Before You Install

This overview is designed to help you understand the various NetQ deployment and installation options.

Installation Overview

Consider the following deployment options and requirements before you install the NetQ system.

Single Server	Cluster	Scale Cluster
On-premises only	On-premises only	On-premises only
Network size: small 1-node: Supports up to 40 switches*	Network size: medium 3-node: Supports up to 100 switches*	Network size: large Support varies based on number of nodes. See Server Arrangement.
KVM or VMware hypervisor	KVM or VMware hypervisor	KVM or VMware hypervisor
No high-availability option	High-availability	High-availability
System requirements: 16 virtual CPUs 64GB RAM 500GB SSD disk	System requirements (per node): 16 virtual CPUs 64GB RAM 500GB SSD disk	System requirements (per node): 48 virtual CPUs 512GB RAM 3.2TB SSD disk
Not supported: NVLink monitoring	Not supported: NVLink monitoring	Not supported: Network snapshots Trace requests Flow analysis MAC commentary Duplicate IP address validations Limited support: Link health view (beta)

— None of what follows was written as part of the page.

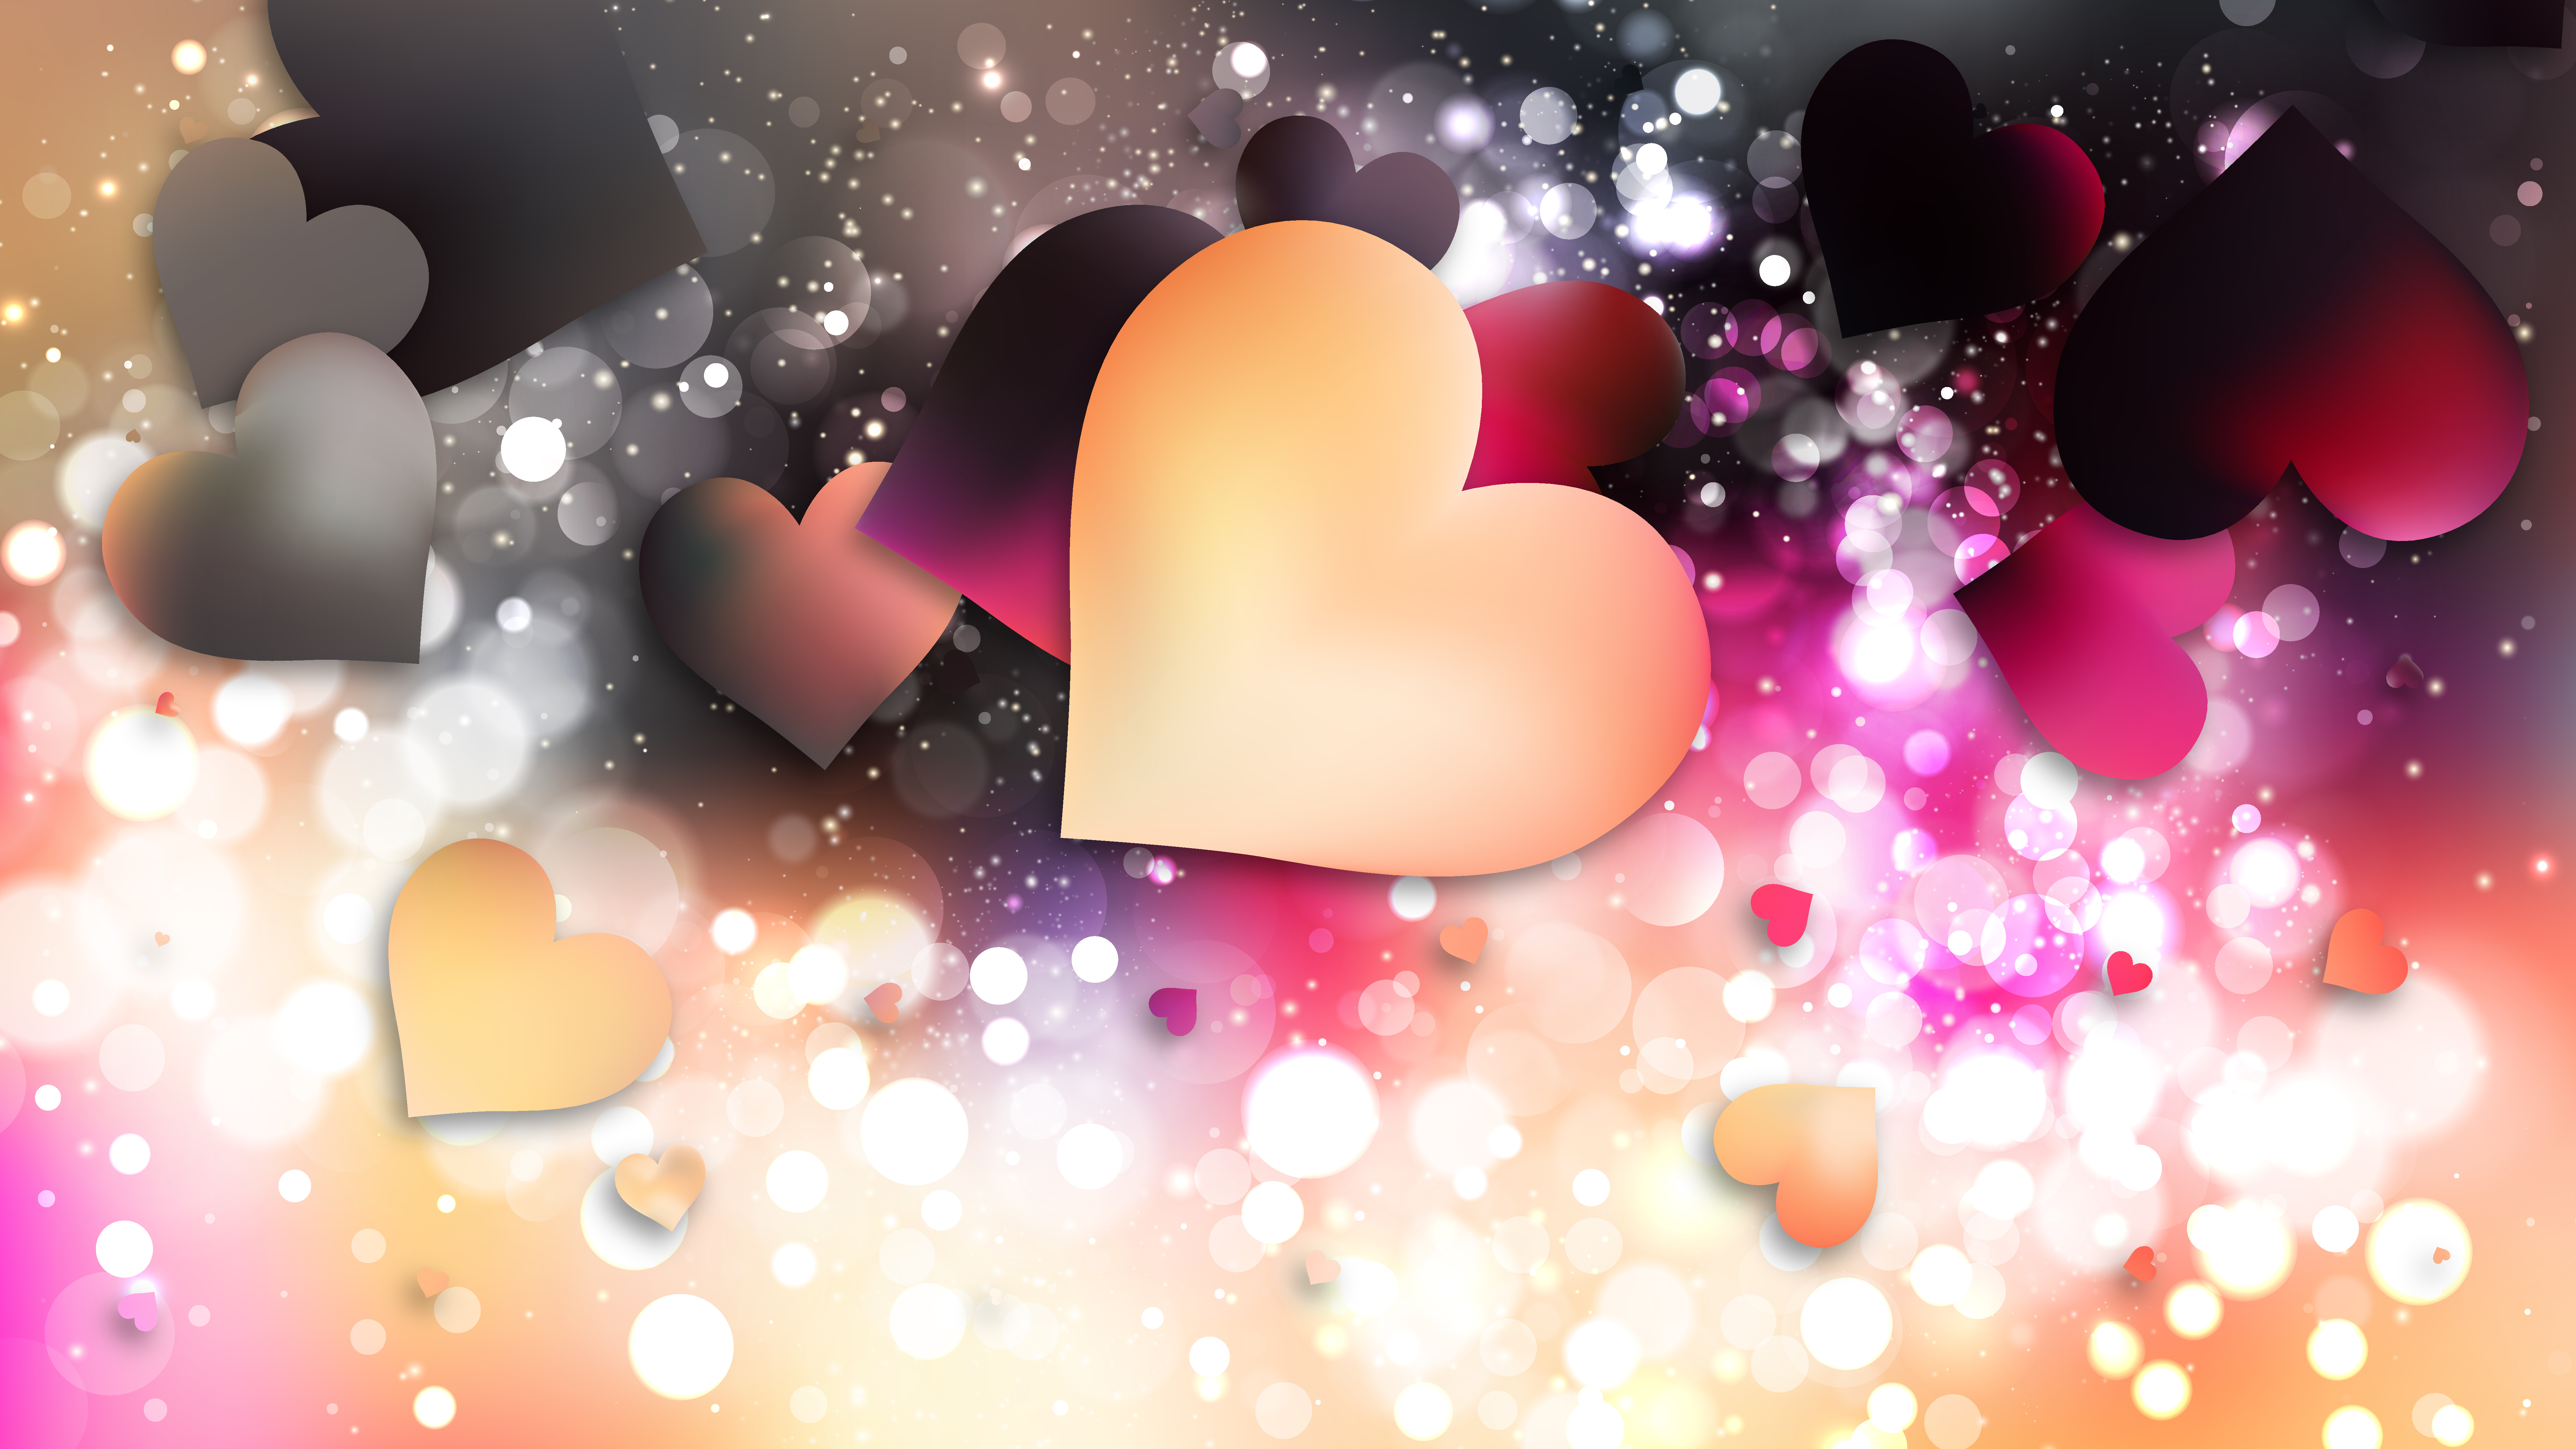 Free and customizable heart wallpaper templates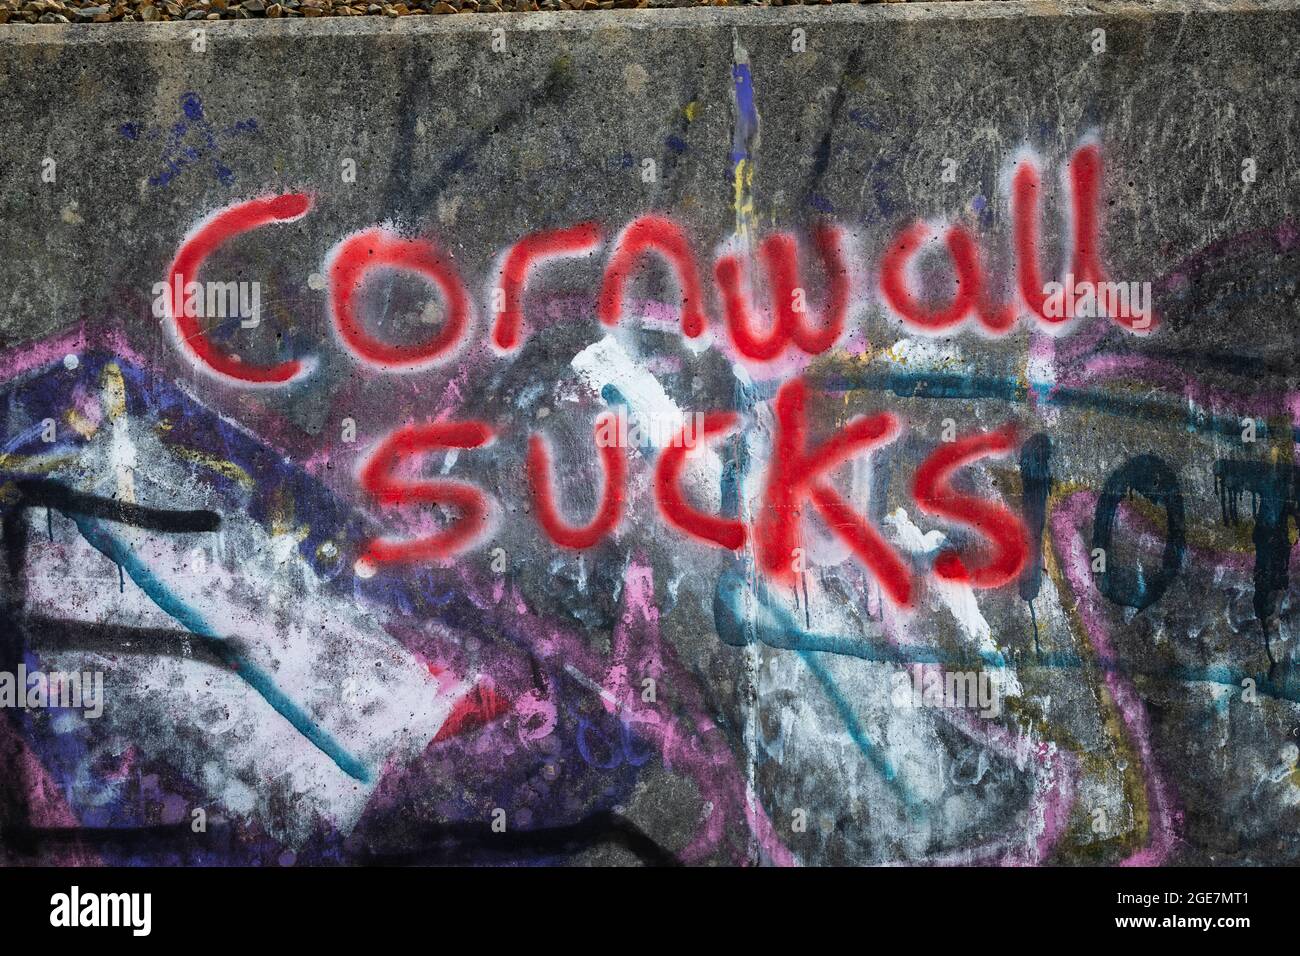 Colourful graffiti about Cornwall on a wall in the county. Stock Photo

*When switches are configured with both OpenTelemetry (OTLP) and the NetQ agent, switch support per deployment model is reduced by half.

Server Arrangement

Single server: A standalone server is easier to set up, configure, and manage, but limits your ability to scale your network monitoring and provides no redundancy in case of a hardware failure.

Cluster: The cluster deployment comprises three servers: one master and two workers nodes. NetQ supports high-availability using a virtual IP address. Even if the master node fails, NetQ services remain operational.

Scale cluster: The scale cluster deployment is intended for large network environments and allows you to expand NetQ monitoring capacity by adding nodes as your network grows. NVIDIA typically recommends this deployment for environments with 100 or more switches. It is the only deployment model that supports monitoring for NVIDIA NVLink, NVIDIA Spectrum-X Ethernet, as well as mixed Ethernet and NVLink networks.

The following table shows high-level device support per-node for Ethernet-only, NVLink-only, and combined deployments. This deployment model is currently in beta for clusters larger than 5 nodes. See Verified Limits for detailed testing information.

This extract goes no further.